Мария тем не менее продолжала заниматься делами, которые привели Филиппа в Англию. Она была абсолютной правительницей, то есть могла единолично решать вопросы войны и мира. Мнения советников в любом случае имели совещательный характер, однако часто она нуждалась в их одобрении, иначе било невозможно эффективно вести военные действия. К тому же у королевы, как слышал Ноайль, был важный стимул стремиться уговорить советников дать согласие на объявление войны Франции. Филипп якобы ее предупредил, что, если она не сдержит своего обещания и не достигнет успеха в Совете, он никогда больше к ней не вернется.
Мария начала с того, что собрала в своих апартаментах главных советников. Здесь в присутствии Филиппа она обратилась к ним с речью, как всегда, приведя вначале цитаты из Библии, в которых жене предписывалось подчиняться воле мужа, а затем перешла к обсуждению европейской политики. Французы уже почти вытеснили армию Филиппа из Италии. Если их сейчас не сдержать, они рано или поздно двинутся в сторону Англии, и тогда будет еще хуже. Поэтому королю нужно помочь деньгами и войском, а также подкрепить эту помощь объявлением войны. Присутствующий при этом французский осведомитель рассказал Ноайлю о впечатлении, которое произвела на советников речь Марии. Они оценили ее красноречие и убедительные аргументы, однако в своей решимости противостоять войне остались непреклонны. Мейсон, к примеру, заявил, что скорее умрет, чем позволит Англии объявить о вступлении в войну. Остальные же высказали коллективное мнение, что «их долг состоит в том, чтобы служить на благо королевства, а не просто во всем соглашаться с королем и королевой».

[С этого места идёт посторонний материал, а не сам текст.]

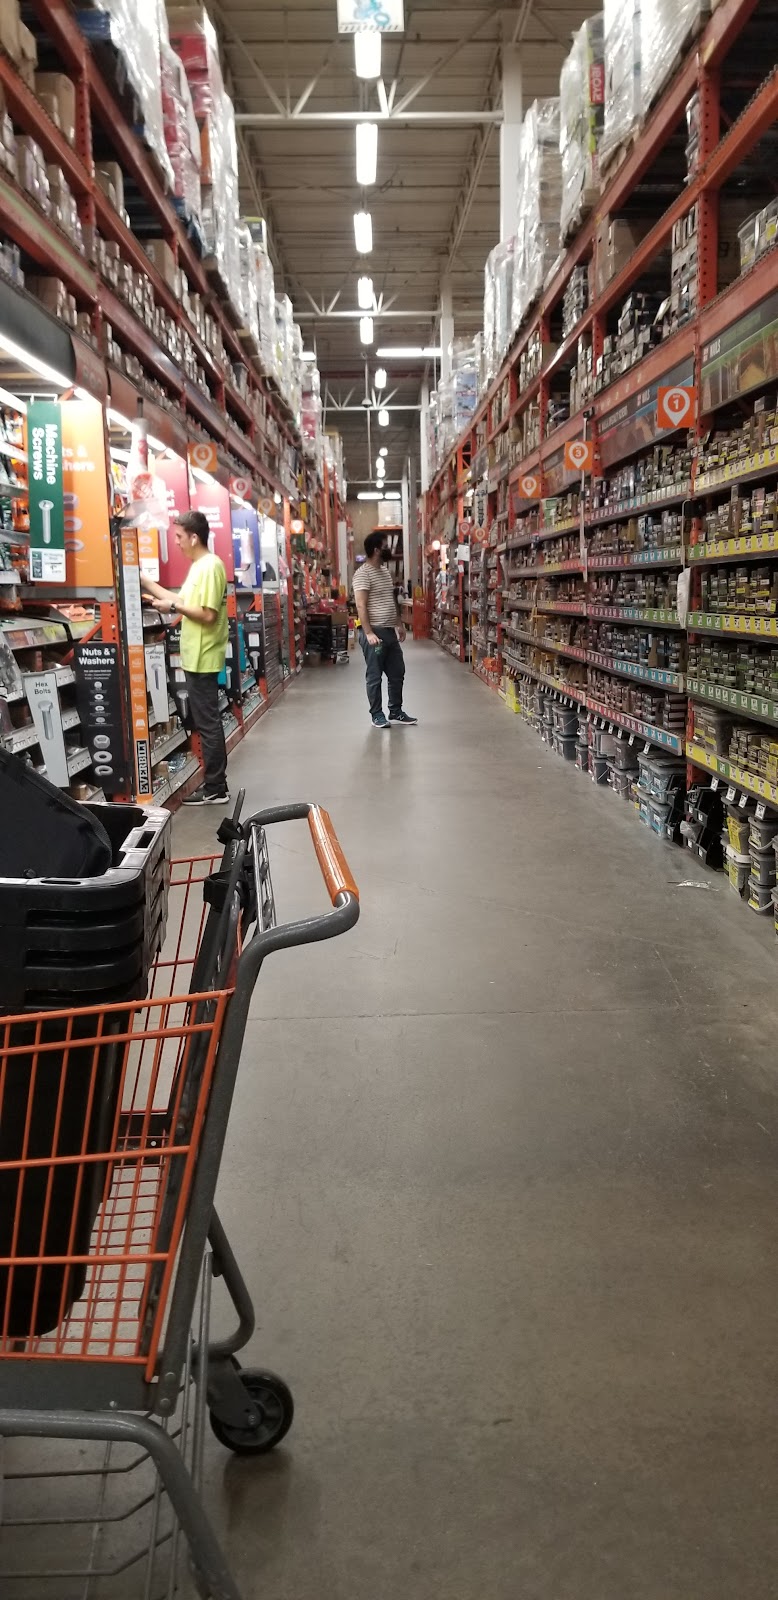 The Home Depot | 75-09 Woodhaven Blvd, Queens, NY 11385, USA | Phone: (718) 830-3323

В середине апреля Филипп написал Грэнвиллу, что Мария встретила сопротивление, «которого не ожидала». Однако ее решимость была сильнее противодействия советников. Как заметил Ноайль, она была способна заставить подчиниться своей воле не только членов Совета, но и саму стихию. После получения официального отрицательного решения Совета, написанного по-латыни, чтобы его смог прочесть Филипп, Мария сердито повелела советникам собраться еще раз и принять другое решение, «которое бы удовлетворило обоих супругов». Шли недели, а советники по-прежнему стояли на своем. В качестве компромисса они предлагали дать Филиппу еще денег и людей, лишь бы не объявлять войну.
В конце концов Марии пришлось прибегнуть к тактике, не раз использованной ее отцом. Она начала говорить, что намеревается сократить состав Совета, оставив в нем лишь немногих, а затем, убедившись, что достаточно вывела советников из равновесия, стала вызывать их к себе по одному на беседу, угрожая «некоторым смертью, а иным потерей имущества и владений, если они не подчинятся воле ее супруга». И даже после этого советники еще долго сопротивлялись и сдались только тогда, когда пришло сообщение с севера, где некий Томас Стаффорд и сорок его последователей при активной поддержке французов пытались поднять восстание против «дьяволицы Марии, недостойной быть королевой Англии». 7 июня была опубликована декларация об объявлении войны.